Therefore, in this embodiment, the fluid is substantially
one-dimensionally distributed through the flow path extending unit
120 connected to the first opening 114 so that the fluid can flow
into the flow path extending unit 120 through the first opening
114.
[0043] In one embodiment, the flow path extending unit 120 may have
a flow path structure formed with multistage screens or partition
walls. More specifically, the flow path extending unit 120 has a
flow path structure in which planar first and second partition
walls 121 and 123 are disposed to extend in opposite directions
while being spaced from each other at a predetermined interval.
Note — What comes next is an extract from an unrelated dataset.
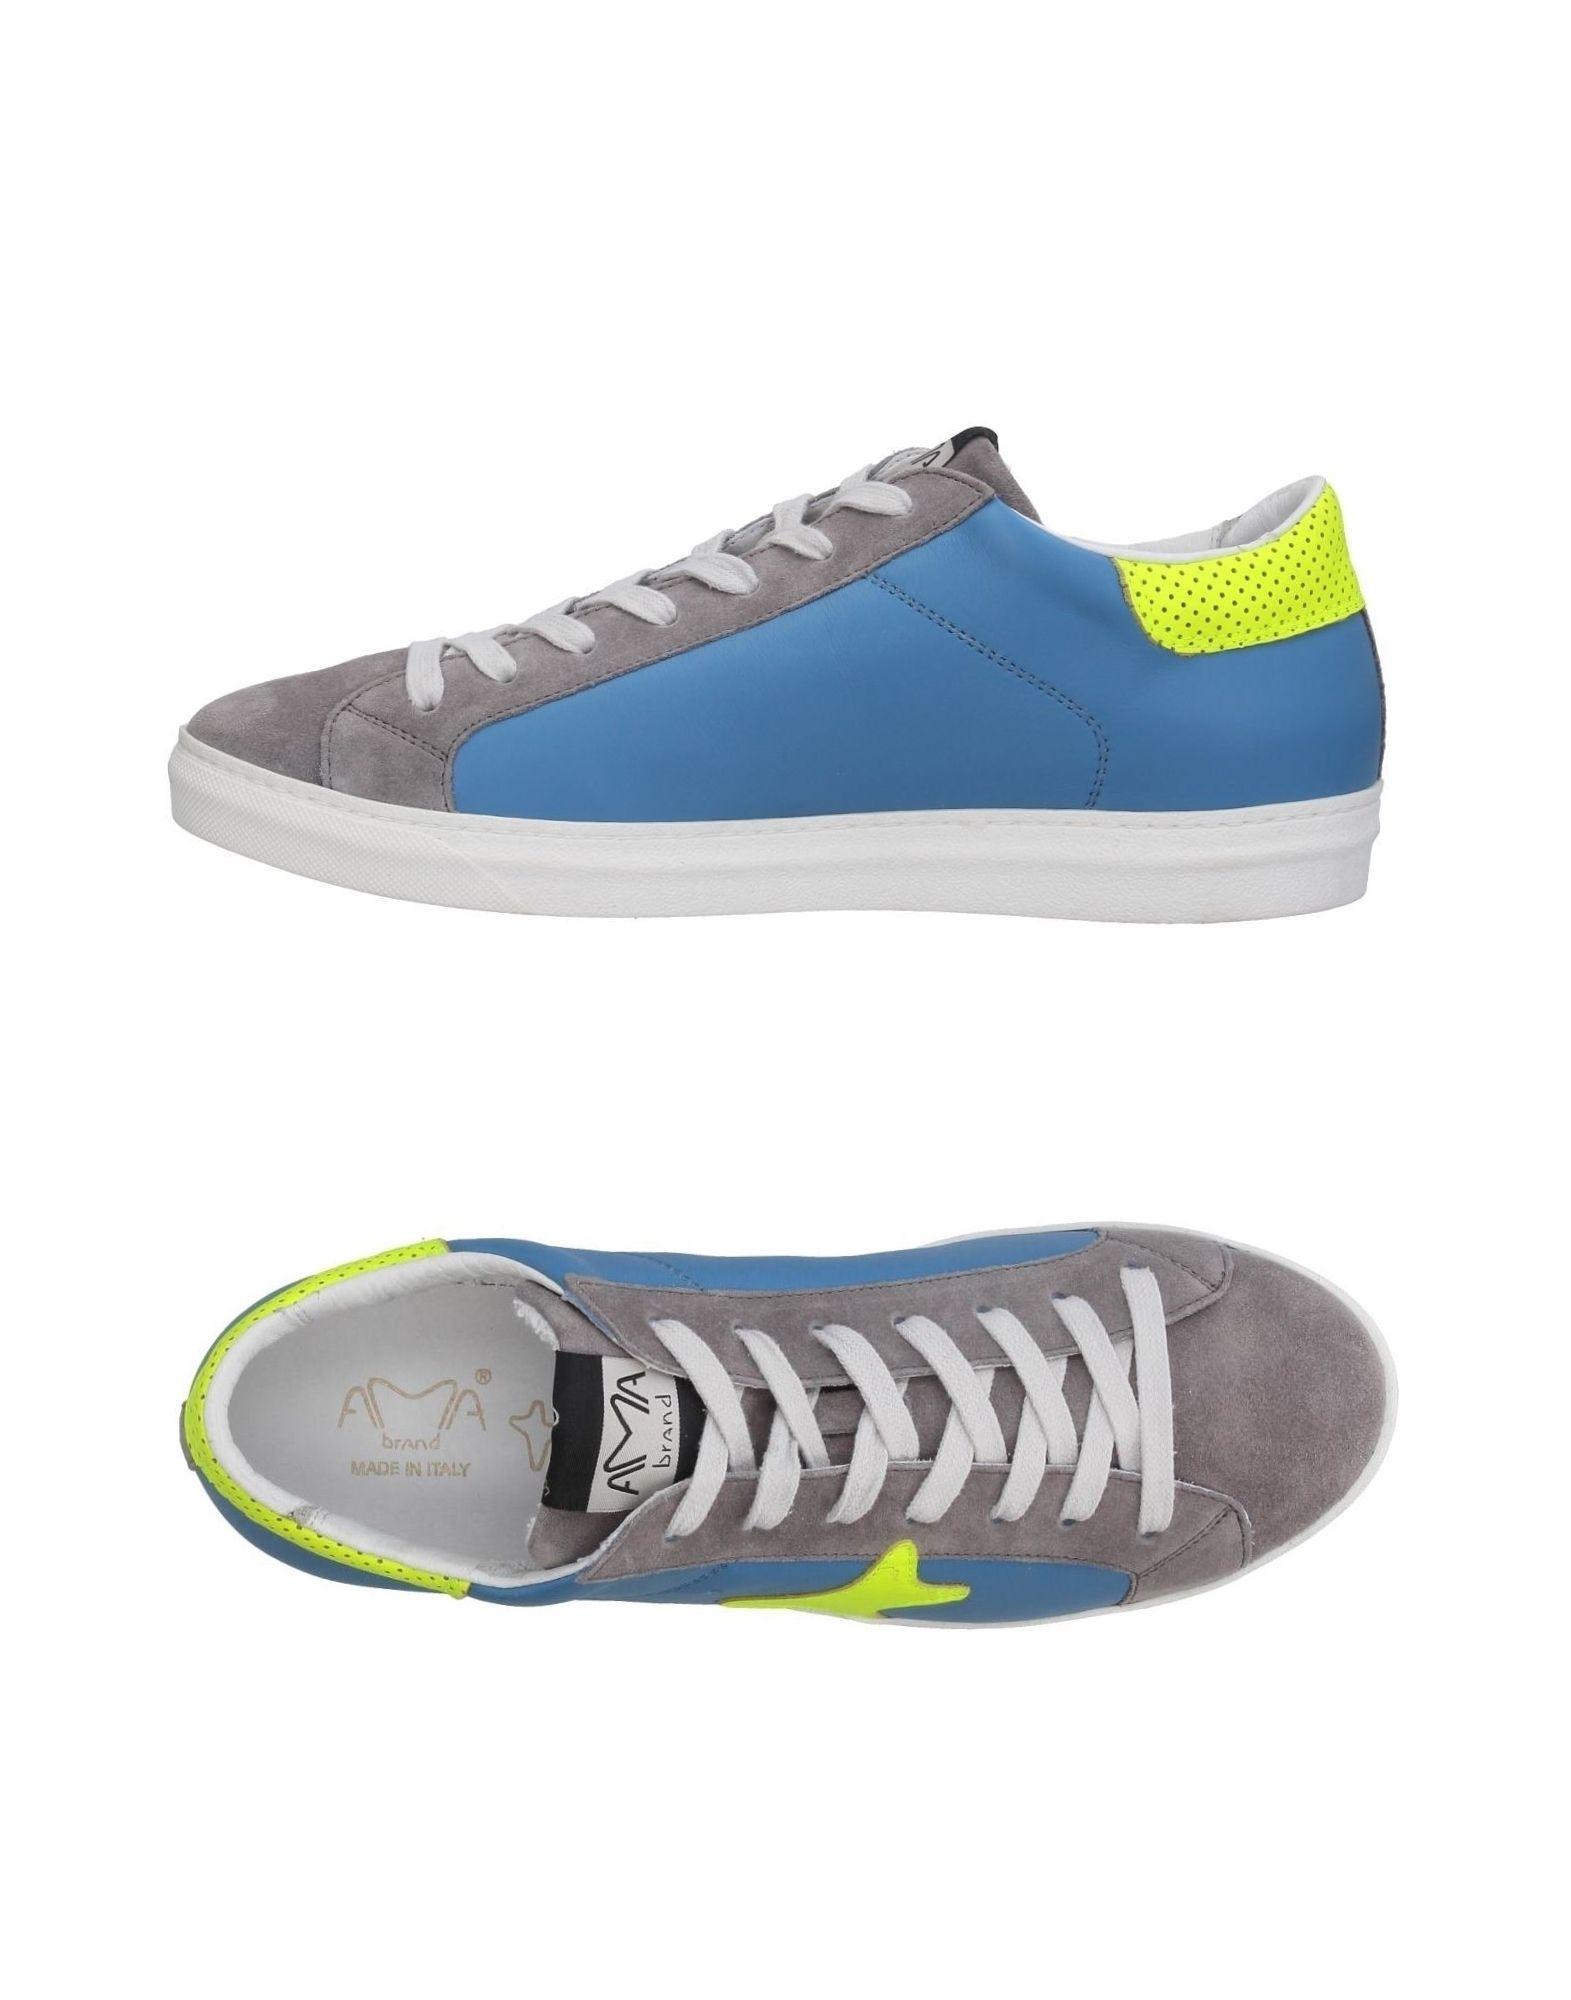 Ama Brand Sneakers Herren  11401135AR Gute Qualität beliebte Schuhe

Here, one end of the first partition wall 121 is connected to a
first wall 111a of the housing body 110 between the first wall 111a
and a second wall 111b formed opposite to the first wall 111a, and
one end of the second partition wall 123 is connected to the second
wall 111b of the housing body 110. Such a structure may be referred
to as an interdigitated structure.
[0044] In this embodiment, since the first and second openings 114
and 116 are provided at upper and lower portions of the first wall
111a, respectively, the flow path extending unit 120 is provided
with a third partition wall 125 oriented similar to the first
partition wall 121, but spaced from the first and second partition
walls 121 and 123 so that the fluid flowing into the flow path
extending unit 120 through the first opening 114 smoothly flows out
through the second opening 116 via the flow path extending unit
120. More specifically, the planar third partition wall 125 has one
end connected to the first wall 111a and is disposed to be spaced
from the second partition wall 123 at a predetermined interval.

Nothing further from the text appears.